» **DATASET EXCERPT**:
-- -- --
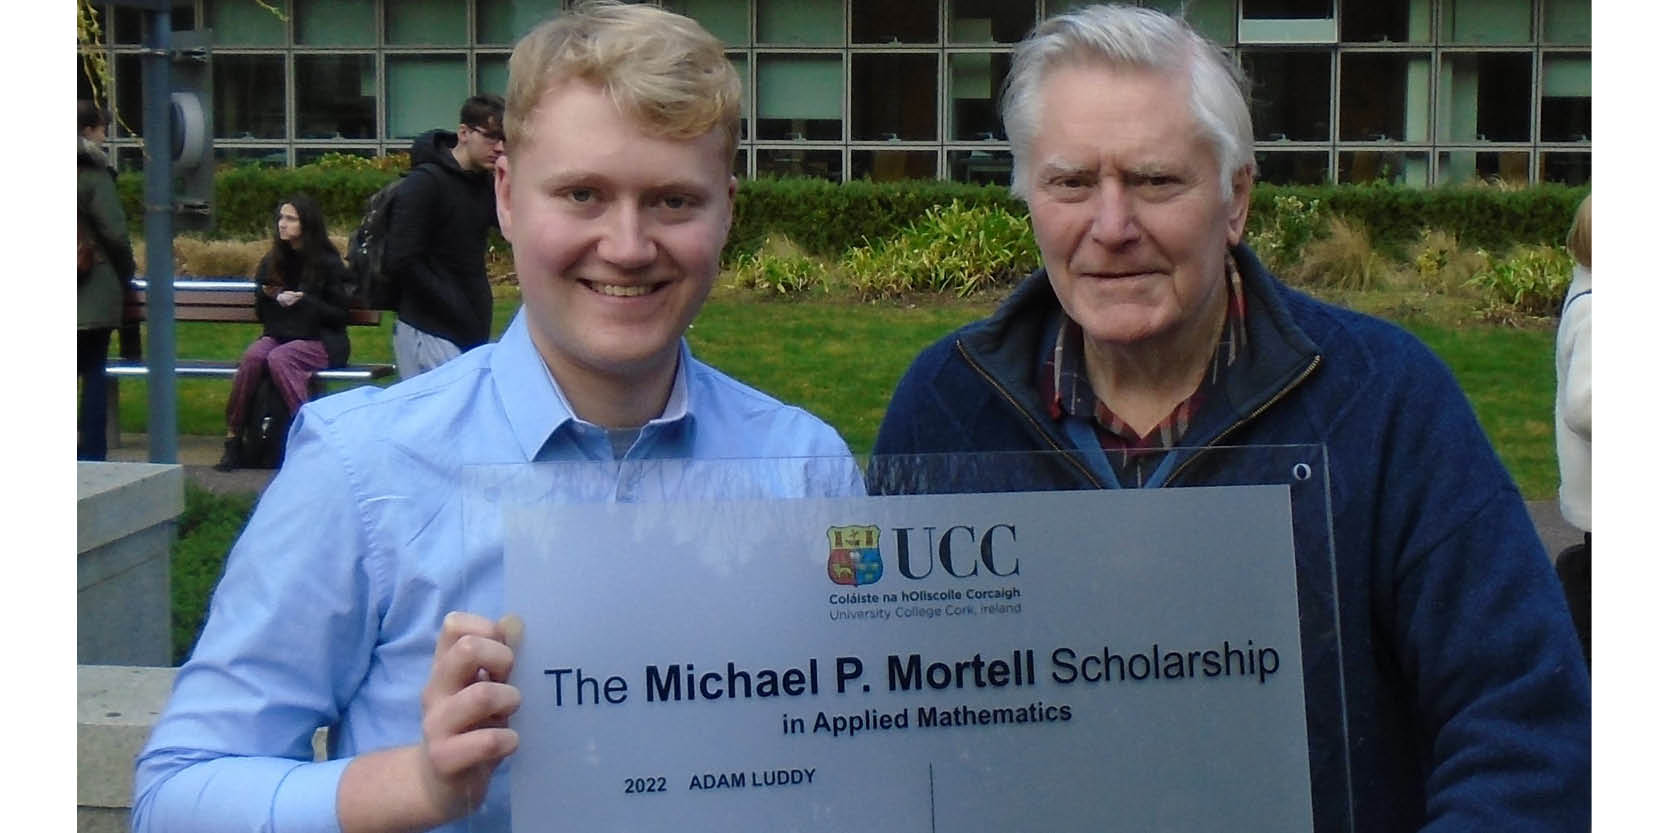  Michael P. Mortell Scholarship in Applied Mathematics
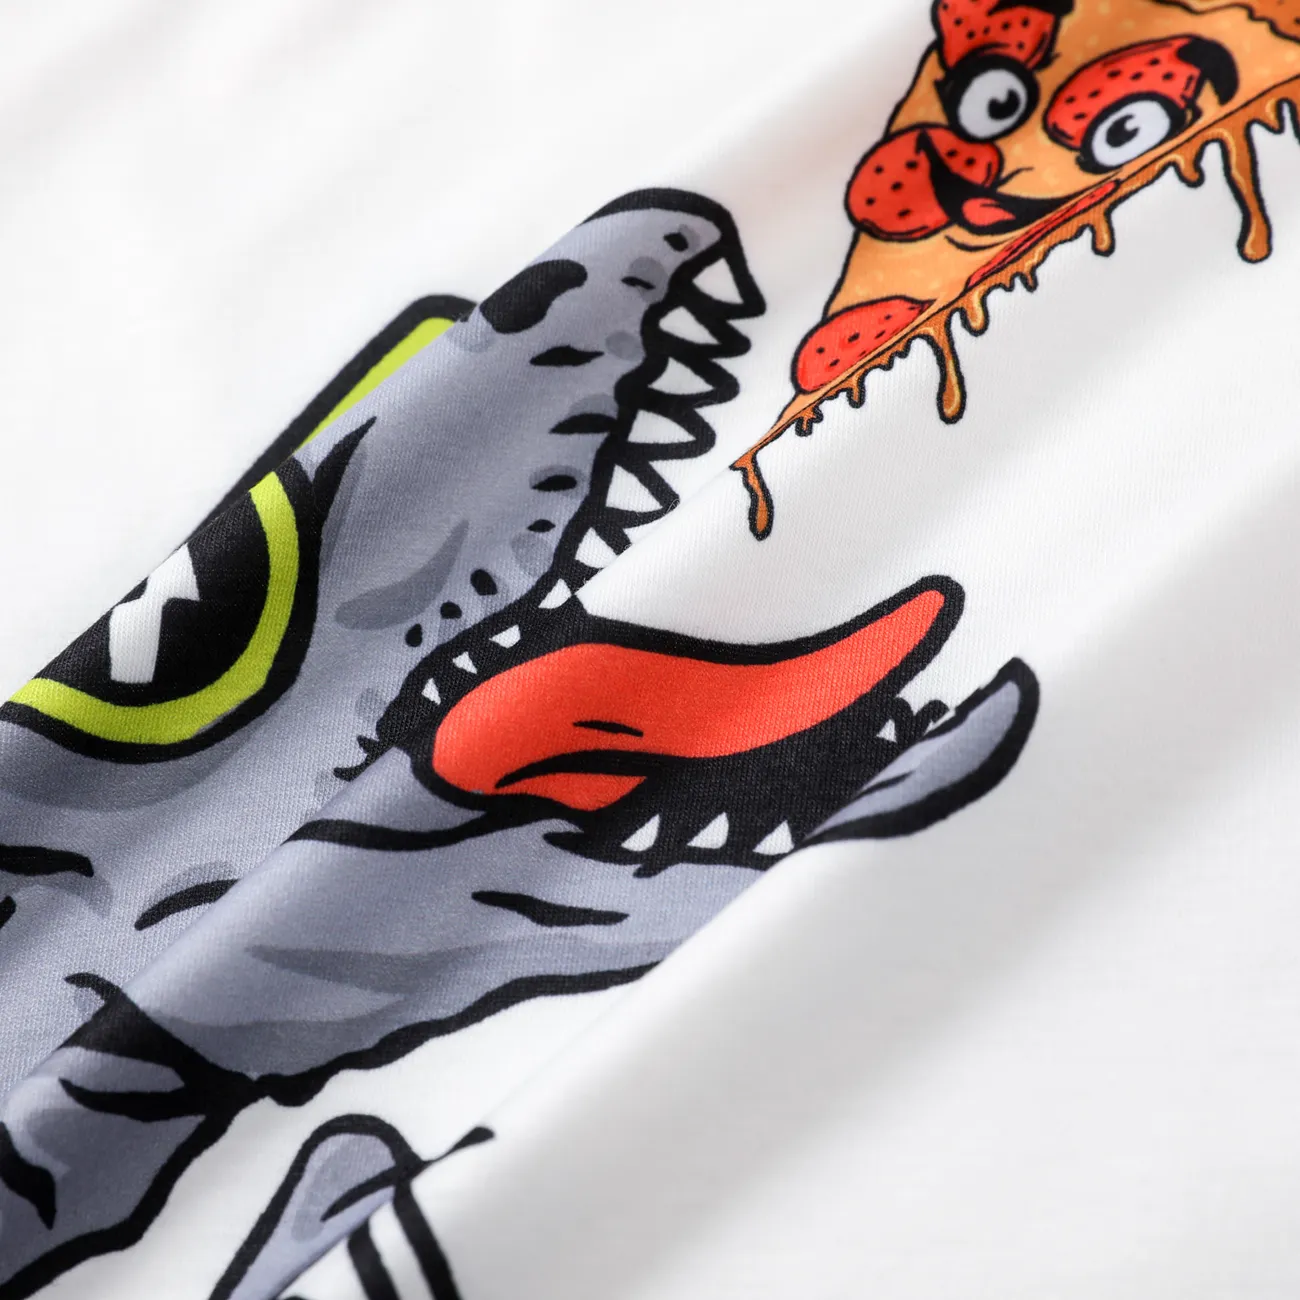 Kid Boy Animal Dinosaur Print Short-sleeve Tee White big image 1
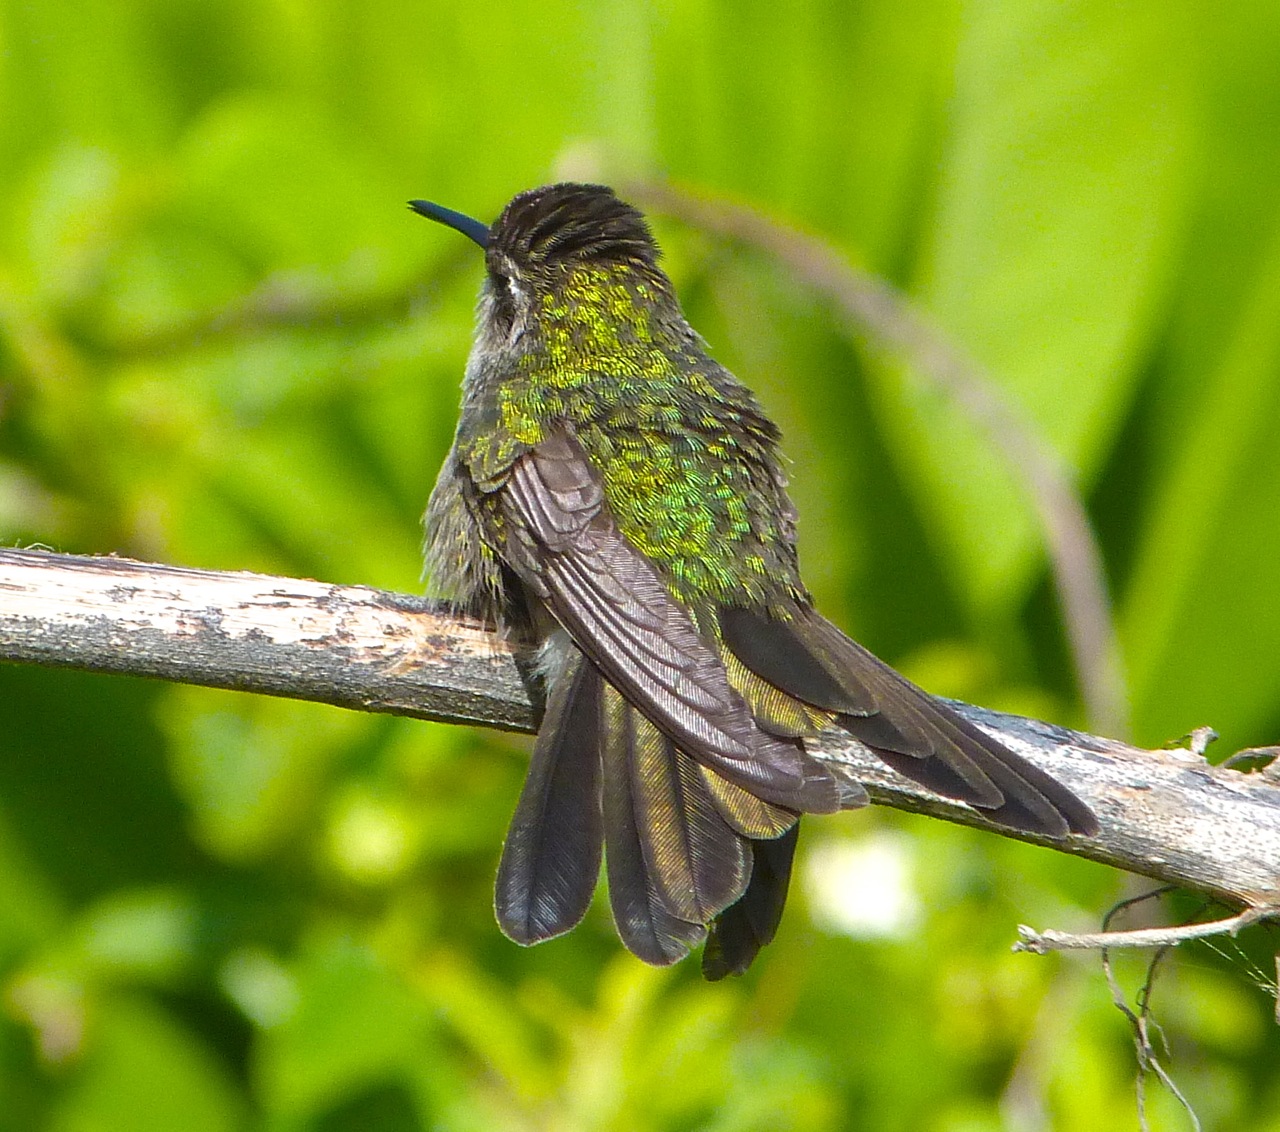 Cuban Emerald Hummingbird preening, Abaco 5
-- -- --
» **HOW TO COMPLETE THIS TASK**:
Return the complete material above exactly, with no picture.

» **TASK RESULT**:
  Michael P. Mortell Scholarship in Applied Mathematics
 Kid Boy Animal Dinosaur Print Short-sleeve Tee White big image 1
 Cuban Emerald Hummingbird preening, Abaco 5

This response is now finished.